Review of the Literature
Cooper (1982) defines a lecture as "a carefully prepared oral and formal presentation by a qualified speaker" (p. 39). Although the traditional lecture method has been used in the instruction of large groups for many years, it continues to be a valuable teaching technique. For certain content, such as disseminating factual material, and for certain learners, it may be the method of choice. The success of the lecture method is in large part due to the lecturer functioning as a role model in establishing positive attitudes towards the learning content. In the lecture it is possible to gain the student's attention, clearly present the instructional objectives, and to summarize the content in such a way that students are assisted in retention and transference of the material. One of the major disadvantages of the lecture method is its lack of control over ensuring that all students are attending to and learning the material being presented. In order that the content does not go "from the notebook of the teacher to the notebook of the student, without going through the minds of either," it is necessary to provide opportunities for questions and discussion within the lecture presentation (Cooper, 1982).

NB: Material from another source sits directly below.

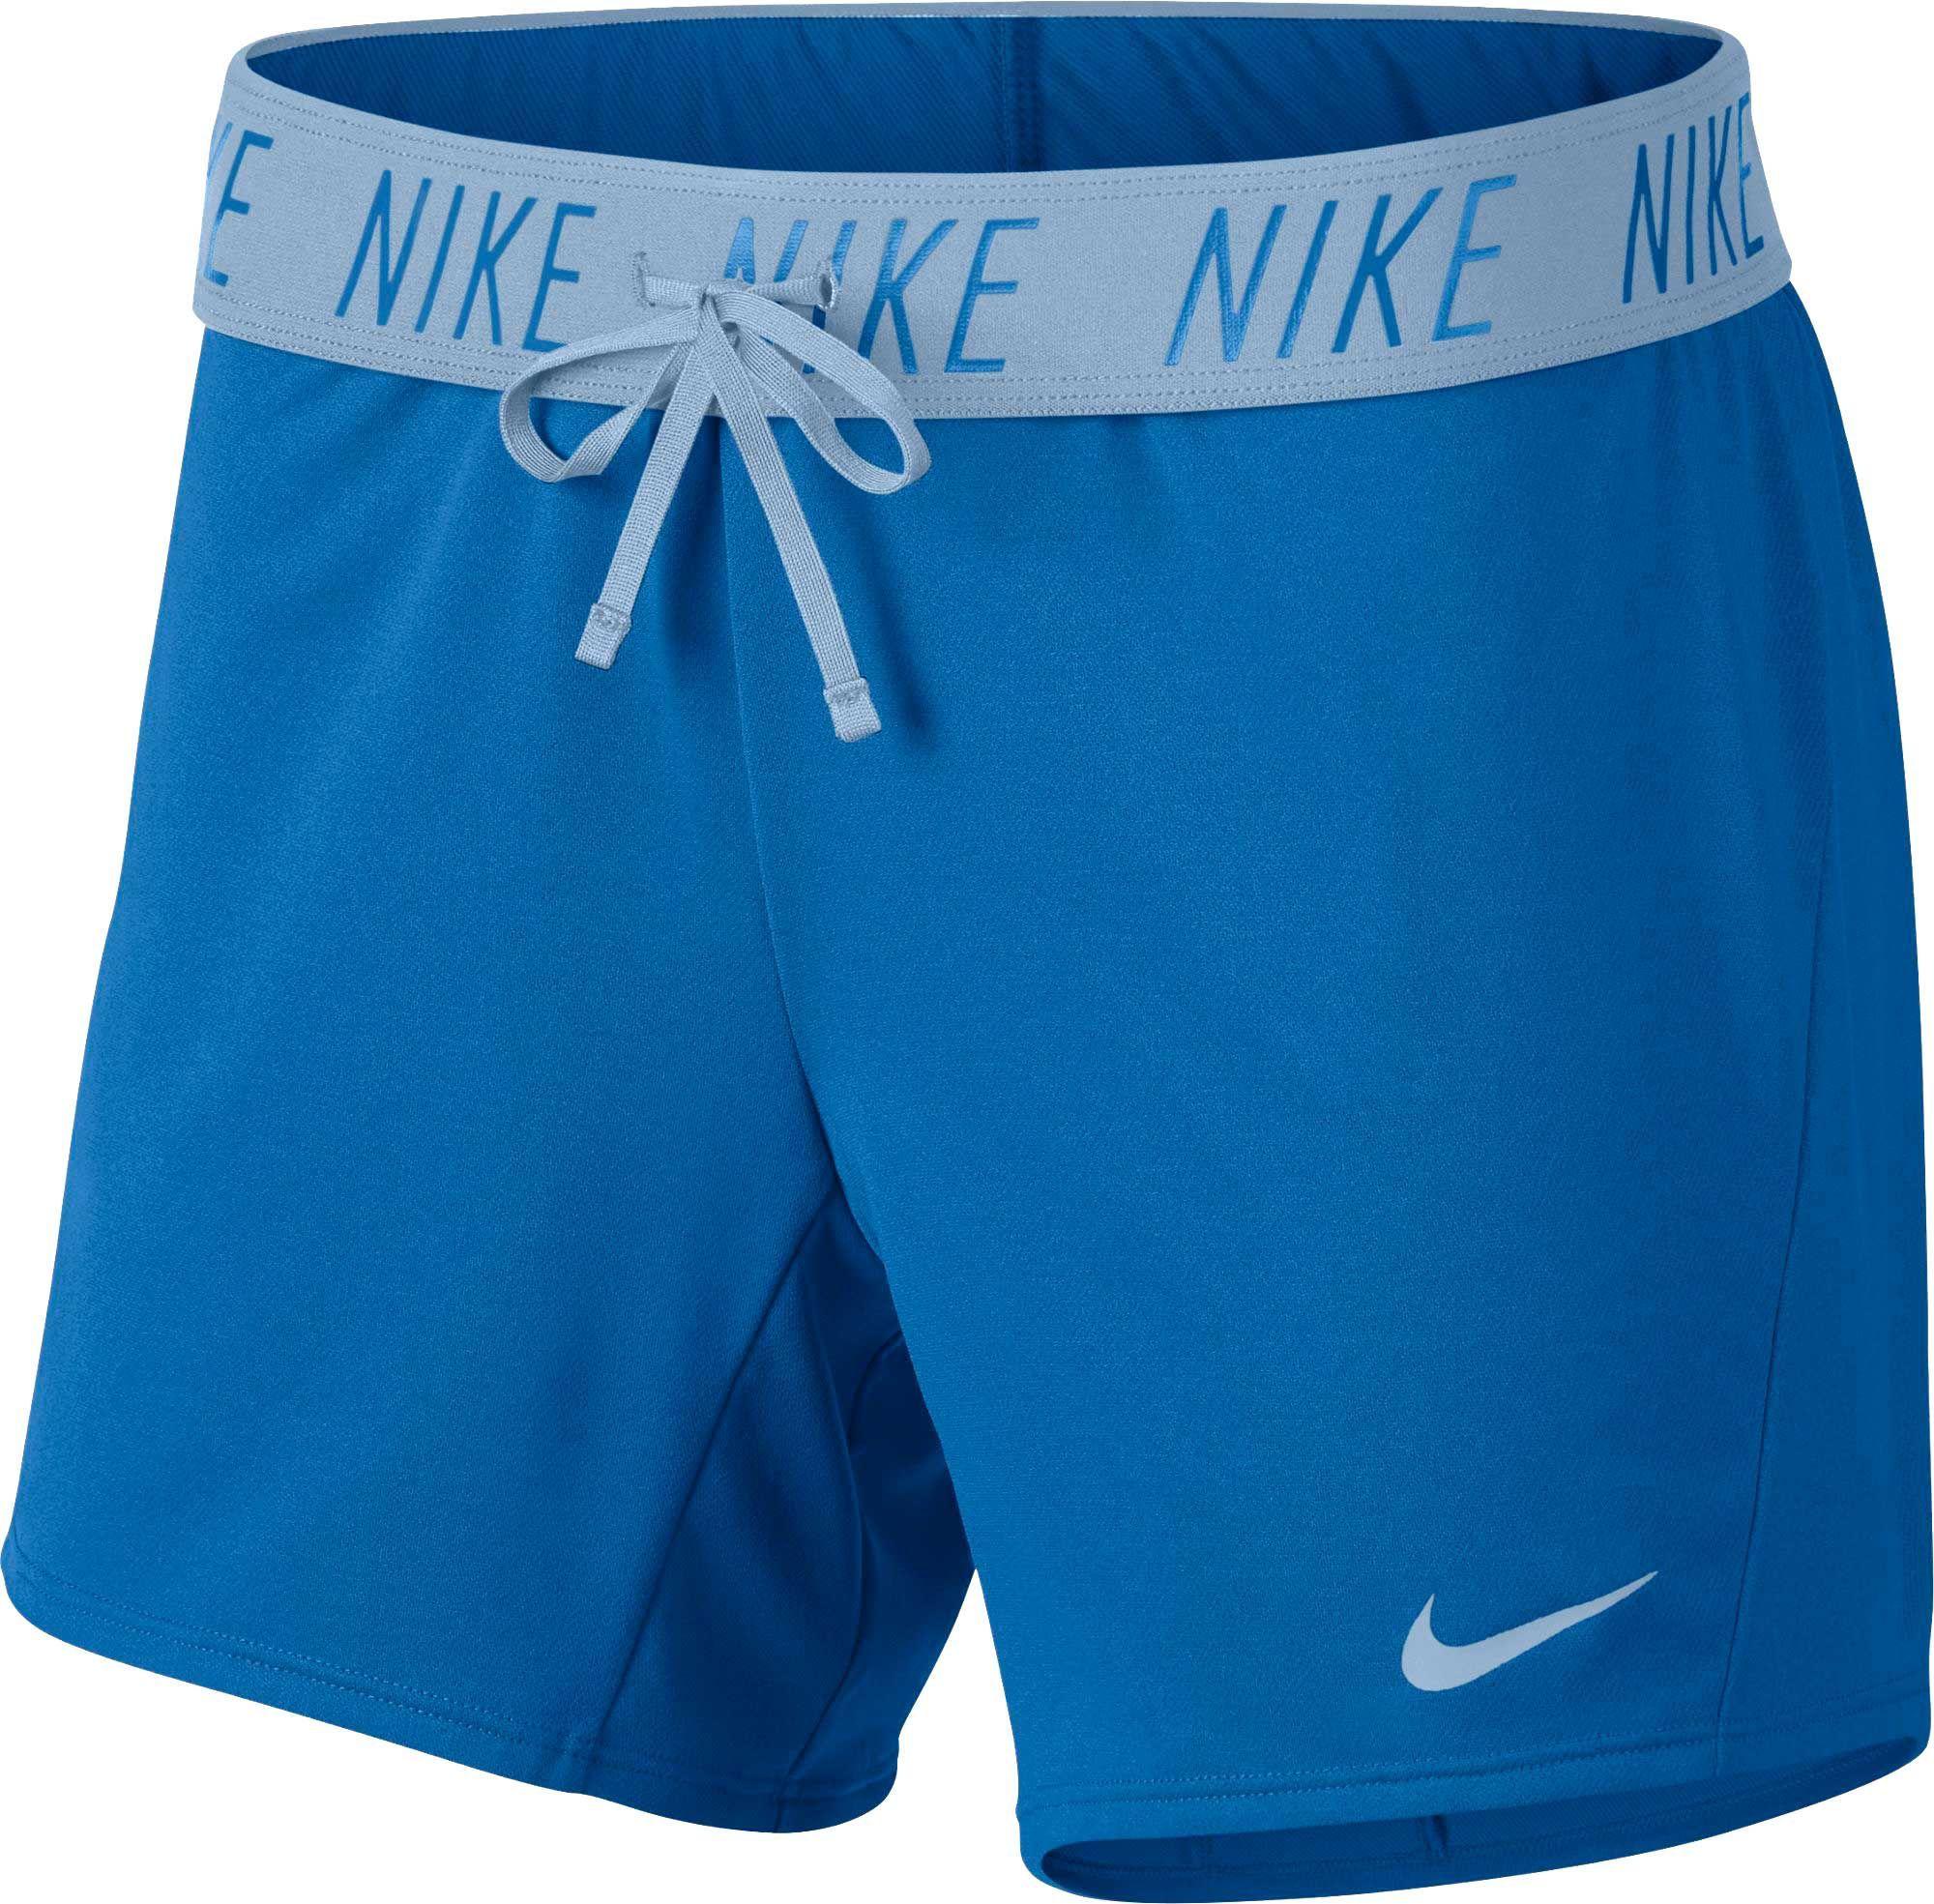 nike women's 5 shorts

Computer-managed instruction is an instructional strategy whereby students are directed to a variety of learning resources in order to achieve the prescribed behavioral objectives. Student progress can be monitored, learning needs diagnosed, and additional learning materials can be recommended. CMI stores test items and randomly generates unique but equivalent test forms for each student. This requires the establishment of mastery levels for student achievement. In most CMI systems, mastery is defined as "a test score/number of correct responses exceeding some predefined value" (Leiblum, 1982, p. 128).

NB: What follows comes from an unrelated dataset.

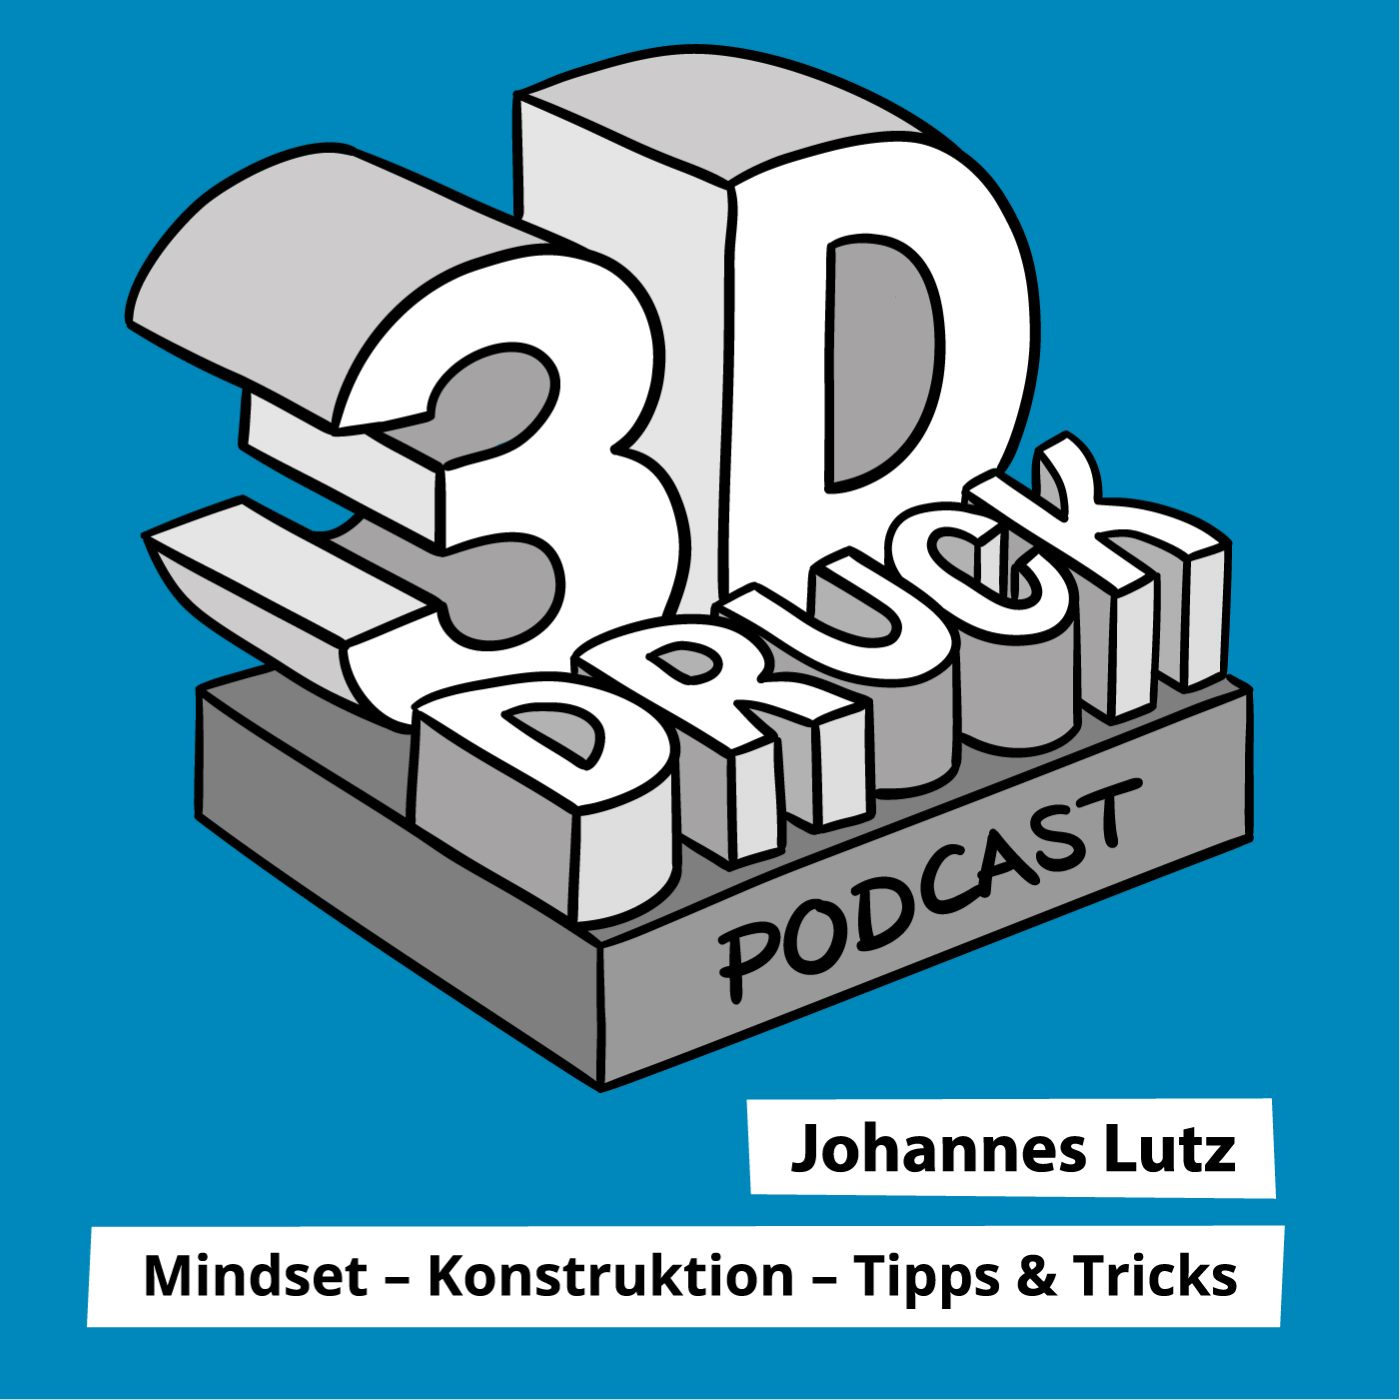 Der 3D-Druck Podcast von Johannes Lutz, ist der Technologie Podcast, wenn es um alle Aspekte in Sachen 3D-Druck, Additive Fertigung und Konstruktion geht egal ob, Hobby, Industriell oder Professionell. Denn es geht immer darum, ob Sie ihren 3D-Drucker im Griff haben oder ob der 3D-Drucker Sie im Griff hat. Wenn Sie Tipps & Tricks, Schritt für Schritt Anleitungen und wichtige Informationen über 3D-Druck wissen wollen, dann ist der Podcast genau das Richtige für Sie!

Ryba and Chapman (1983) describe the advantages of computers in terms of self-pacing, immediate feedback, and small steps. Other technological advantages discussed in the literature are cost benefits (decreased instructor-student time, decreased student time spent learning the material), and development of independence and creativity. Comparison of the lecture format versus the CMI in terms of applicability to the learning process is limited in the literature. Gallacher (1970), in a study of instructional treatment and learner characteristics in a CMI course, found that the most successful students enjoyed the active learning that CMI allows, were not particularly anxious, and had positive feelings toward the CMI method.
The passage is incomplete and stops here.